# Goal of the exercise
Copy exactly the lines from the one containing "A framed French" through the last line of the records, both included, and nothing more.

(Beginning of Data for review)

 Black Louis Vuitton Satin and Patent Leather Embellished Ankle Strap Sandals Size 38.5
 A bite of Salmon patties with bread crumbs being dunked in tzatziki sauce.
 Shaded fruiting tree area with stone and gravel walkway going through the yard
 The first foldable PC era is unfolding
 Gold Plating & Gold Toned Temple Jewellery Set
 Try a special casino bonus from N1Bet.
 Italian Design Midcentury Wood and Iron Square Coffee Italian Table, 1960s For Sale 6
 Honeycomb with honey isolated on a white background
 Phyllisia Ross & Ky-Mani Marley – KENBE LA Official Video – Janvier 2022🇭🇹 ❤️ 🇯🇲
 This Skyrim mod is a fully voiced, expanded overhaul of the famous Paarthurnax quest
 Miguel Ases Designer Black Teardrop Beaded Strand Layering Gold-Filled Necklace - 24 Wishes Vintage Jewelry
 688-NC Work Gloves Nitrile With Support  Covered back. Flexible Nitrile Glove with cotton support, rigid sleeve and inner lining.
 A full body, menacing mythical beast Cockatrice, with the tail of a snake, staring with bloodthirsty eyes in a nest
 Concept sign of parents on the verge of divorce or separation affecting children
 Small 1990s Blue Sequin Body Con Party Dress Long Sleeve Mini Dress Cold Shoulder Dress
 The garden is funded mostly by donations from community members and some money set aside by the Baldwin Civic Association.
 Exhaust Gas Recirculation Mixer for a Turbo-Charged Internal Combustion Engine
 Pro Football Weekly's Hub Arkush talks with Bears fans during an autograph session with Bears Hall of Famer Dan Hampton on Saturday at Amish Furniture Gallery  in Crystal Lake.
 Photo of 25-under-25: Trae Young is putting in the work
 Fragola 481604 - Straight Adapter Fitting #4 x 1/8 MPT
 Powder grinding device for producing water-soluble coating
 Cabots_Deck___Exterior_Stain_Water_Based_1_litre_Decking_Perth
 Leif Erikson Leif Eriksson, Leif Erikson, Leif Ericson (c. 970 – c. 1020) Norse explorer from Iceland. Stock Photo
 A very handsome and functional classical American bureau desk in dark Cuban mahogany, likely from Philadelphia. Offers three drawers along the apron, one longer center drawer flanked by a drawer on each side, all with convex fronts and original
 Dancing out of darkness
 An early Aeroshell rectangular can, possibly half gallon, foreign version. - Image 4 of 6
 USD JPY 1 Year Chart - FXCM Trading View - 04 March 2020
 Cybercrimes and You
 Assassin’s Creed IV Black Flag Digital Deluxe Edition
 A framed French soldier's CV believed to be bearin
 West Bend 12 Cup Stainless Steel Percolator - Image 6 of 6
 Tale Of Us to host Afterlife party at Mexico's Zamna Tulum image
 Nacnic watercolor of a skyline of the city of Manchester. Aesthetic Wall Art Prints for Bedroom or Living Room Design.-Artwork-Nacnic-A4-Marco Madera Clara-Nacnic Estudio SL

(End of Data for review)

# Response for this exercise
 A framed French soldier's CV believed to be bearin
 West Bend 12 Cup Stainless Steel Percolator - Image 6 of 6
 Tale Of Us to host Afterlife party at Mexico's Zamna Tulum image
 Nacnic watercolor of a skyline of the city of Manchester. Aesthetic Wall Art Prints for Bedroom or Living Room Design.-Artwork-Nacnic-A4-Marco Madera Clara-Nacnic Estudio SL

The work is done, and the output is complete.